Task requirements — Reproduce the full listing below exactly. Do not include the pictures.
::: Data block :::
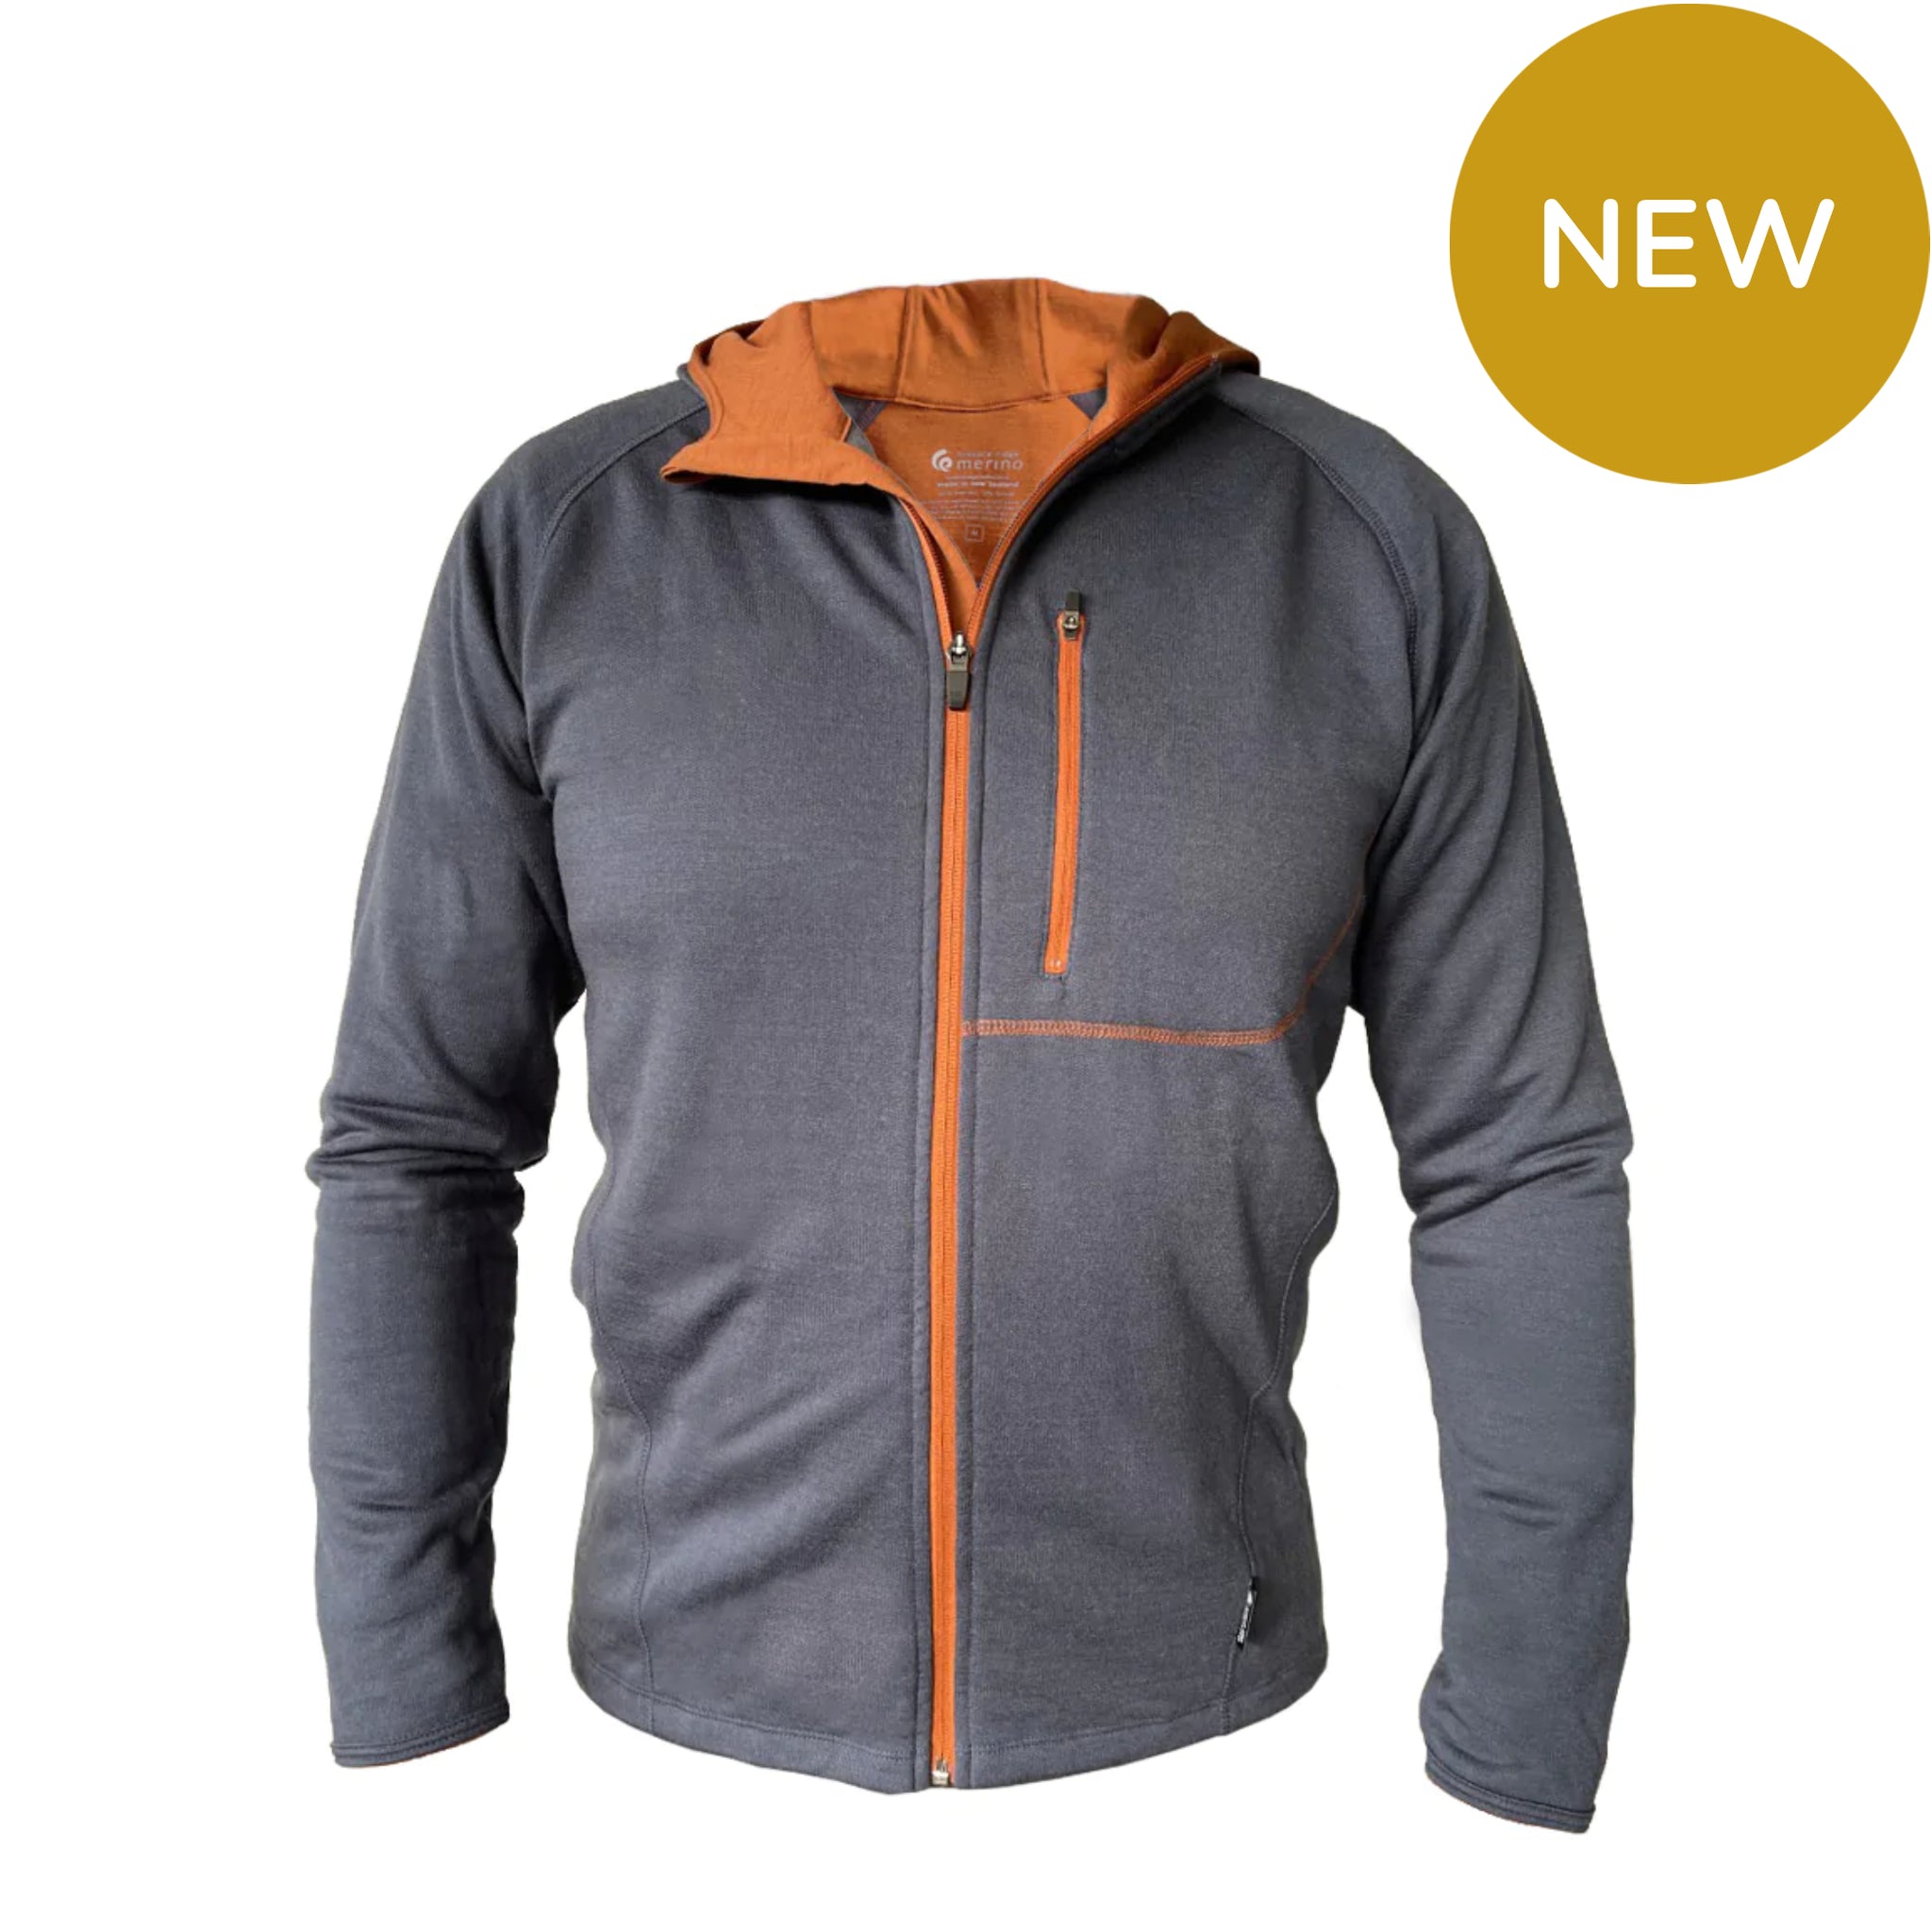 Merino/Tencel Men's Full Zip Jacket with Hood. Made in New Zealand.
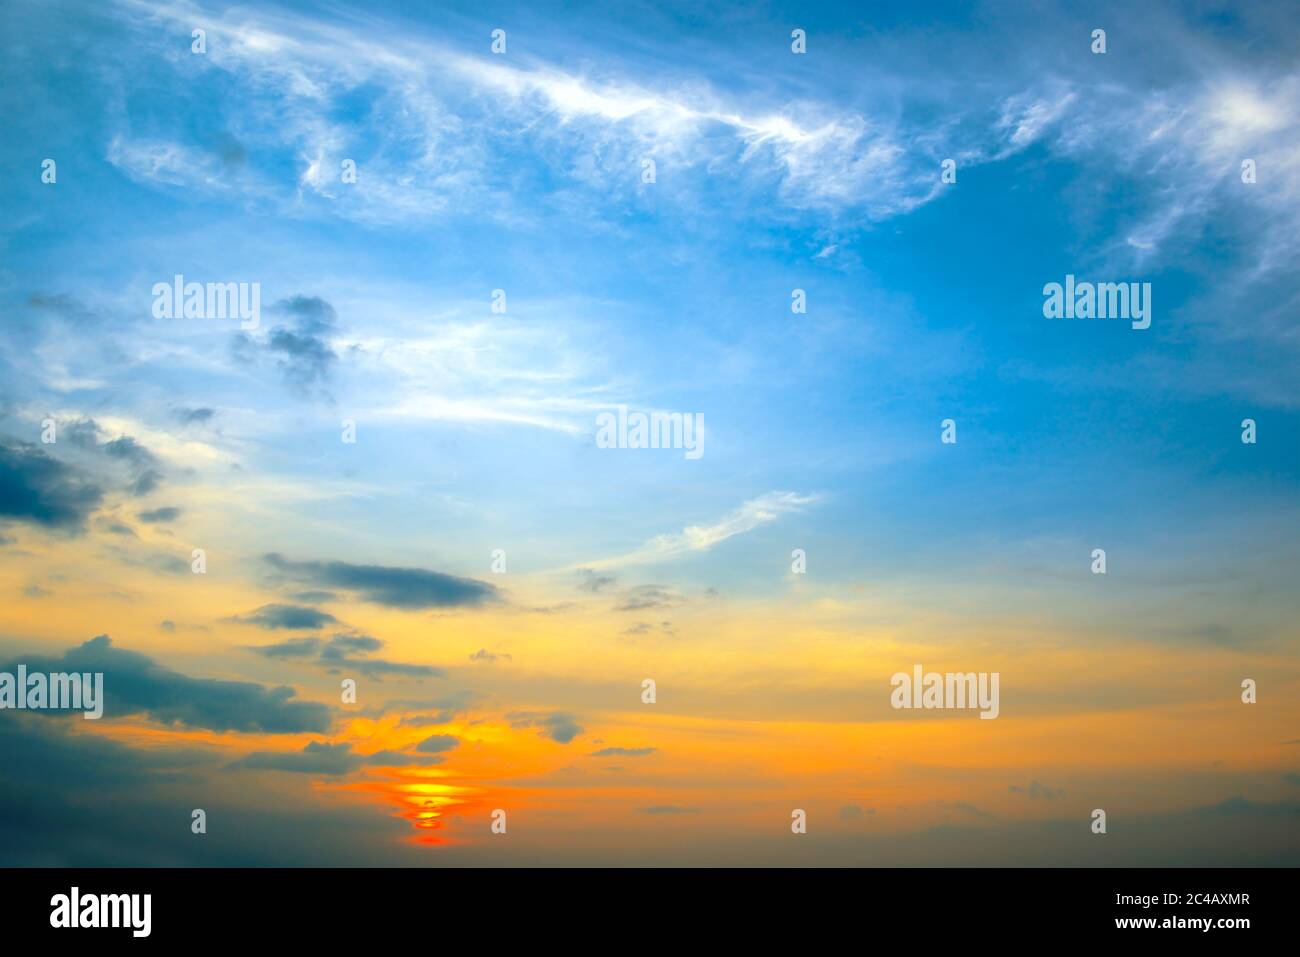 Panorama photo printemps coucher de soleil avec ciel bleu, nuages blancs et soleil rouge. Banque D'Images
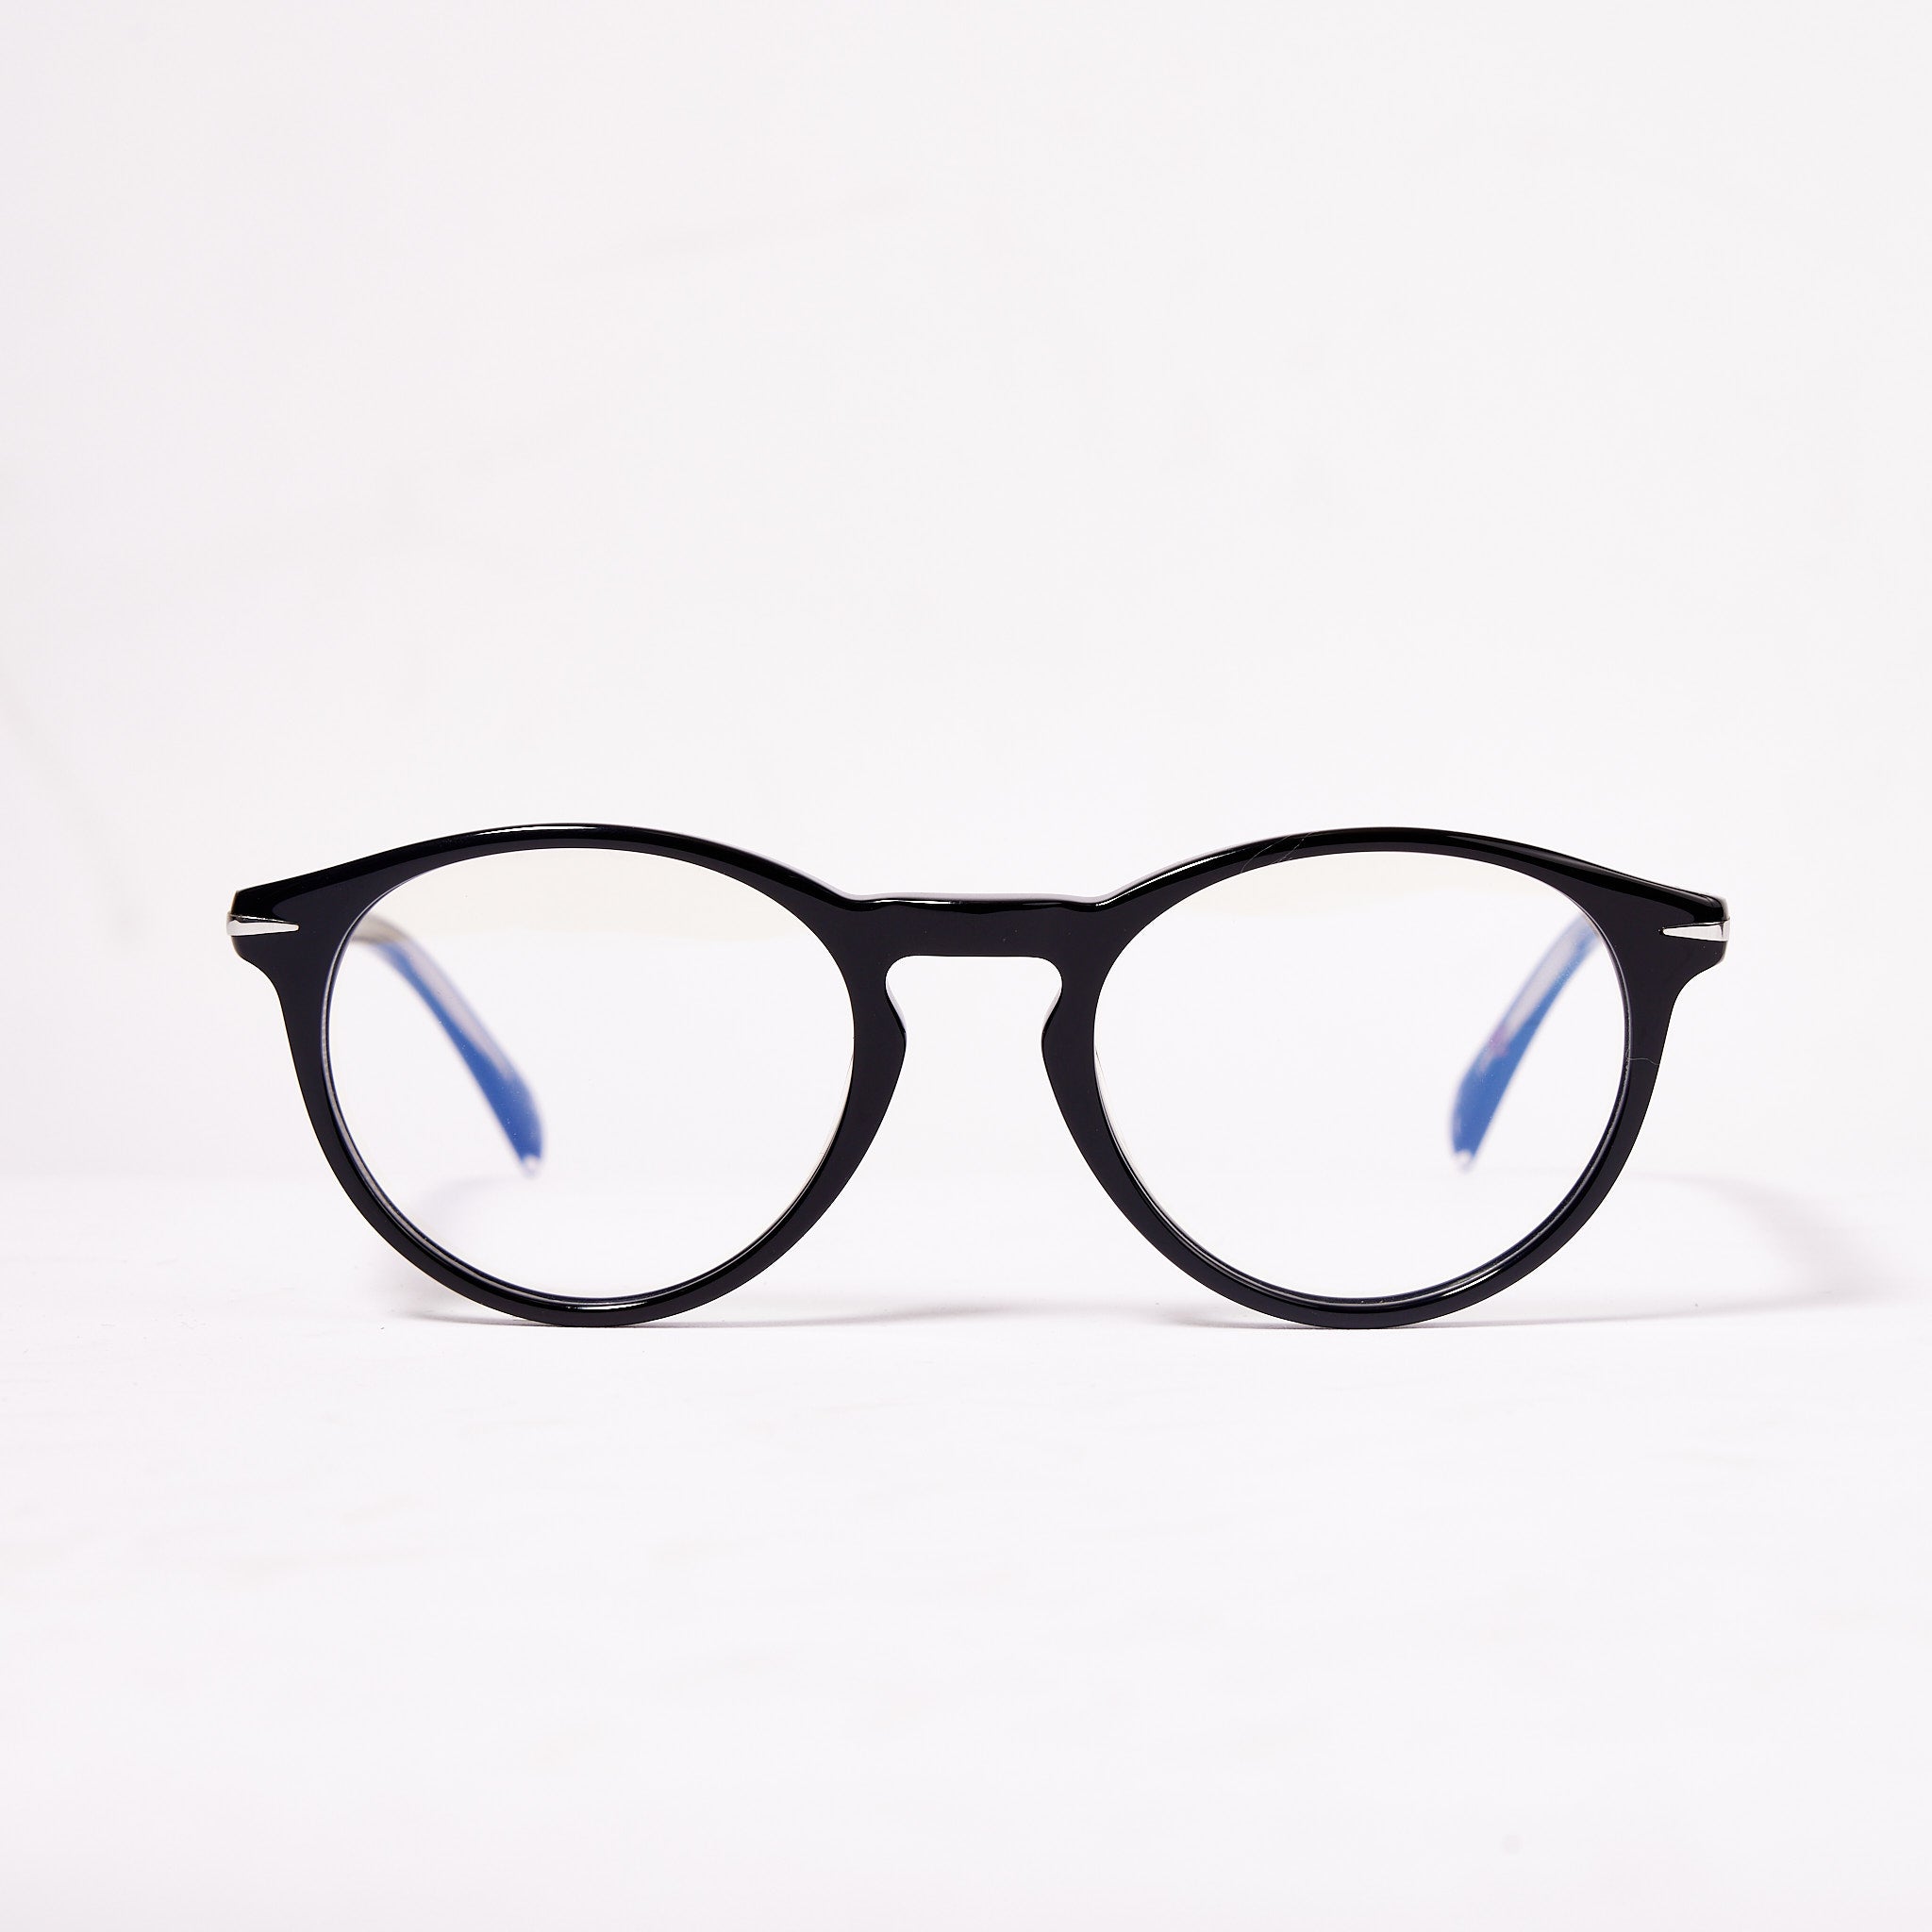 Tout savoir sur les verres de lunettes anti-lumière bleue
:::
Exercise output —
 Merino/Tencel Men's Full Zip Jacket with Hood. Made in New Zealand.
 Panorama photo printemps coucher de soleil avec ciel bleu, nuages blancs et soleil rouge. Banque D'Images
 Tout savoir sur les verres de lunettes anti-lumière bleue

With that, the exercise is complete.